Today I cried on the inside because I have came to the understanding that my husband does not have the ability to think ahead about the future. Sure he is a pretty intelligent person otherwise, he is well liked at work, and everyone thinks of him as a rather upstanding individual, but when it comes to planning for the future of our family he is at a standstill.

We have been married for almost ten years and in that ten years we have absolutely accomplished nothing besides making babies. We have no savings, we have no plan for raising the  children, nor do we have a plan on how we are going to help them go off to college once they graduate from school. We still live in a 2 bedroom apartment with three children. When I try to approach him and tell him that we need a budget in order to start saving for a downpayment for a home, he agrees to it but when it comes down to the planning and the execution he is not willing to commit. When I tell him that we need a rule guide for the children to follow concerning the chores and just daily living in order to become good citizens of the world, he agrees with what I say but once again when it comes to the execution, I am left standing on my own. I don’t understand the reason behind this because when he is at work he is very competent and decisive man. He usually makes the right call but in our personal life he tends to defer to other things instead of what is important.

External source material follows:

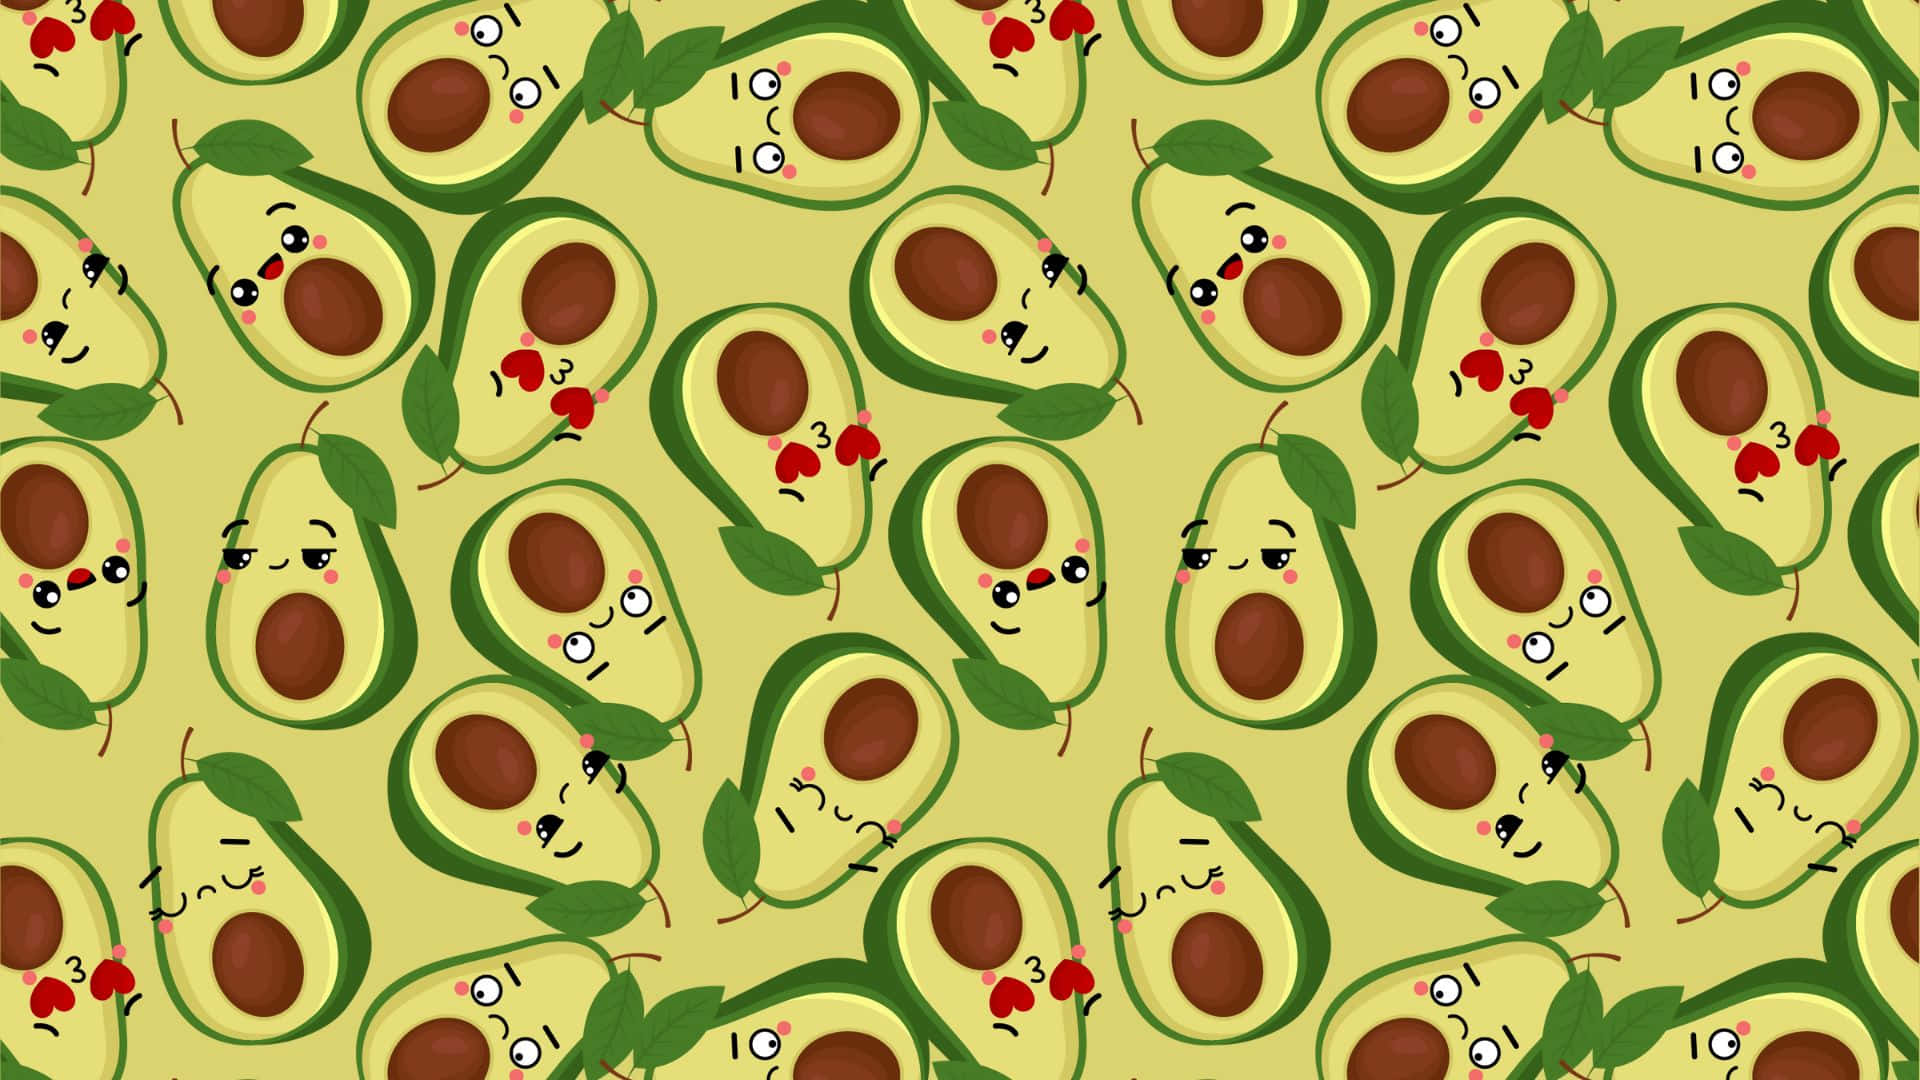 Adorable Avocado Friends on a Playful Background

I don’t know what to do. When I try to tell him how I feel I look at his face and stop short of telling what is really in my heart because I don’t want to hurt his feelings. He does not think that I care about him because we arew not as close as we used to be but, I really do care. The fact that I feel as if he places other things and other people before me as his wife has really put a damper on the relationship. How can a woman keep her sanity when she is married to a man whom she cannot trust with her truest emotions, her deepest feelings, her greatest wants and desires in life, her true self? I don’t know what I am supposed to do so I did what I always do. Today I cried on the inside and tomorrow I will do the same.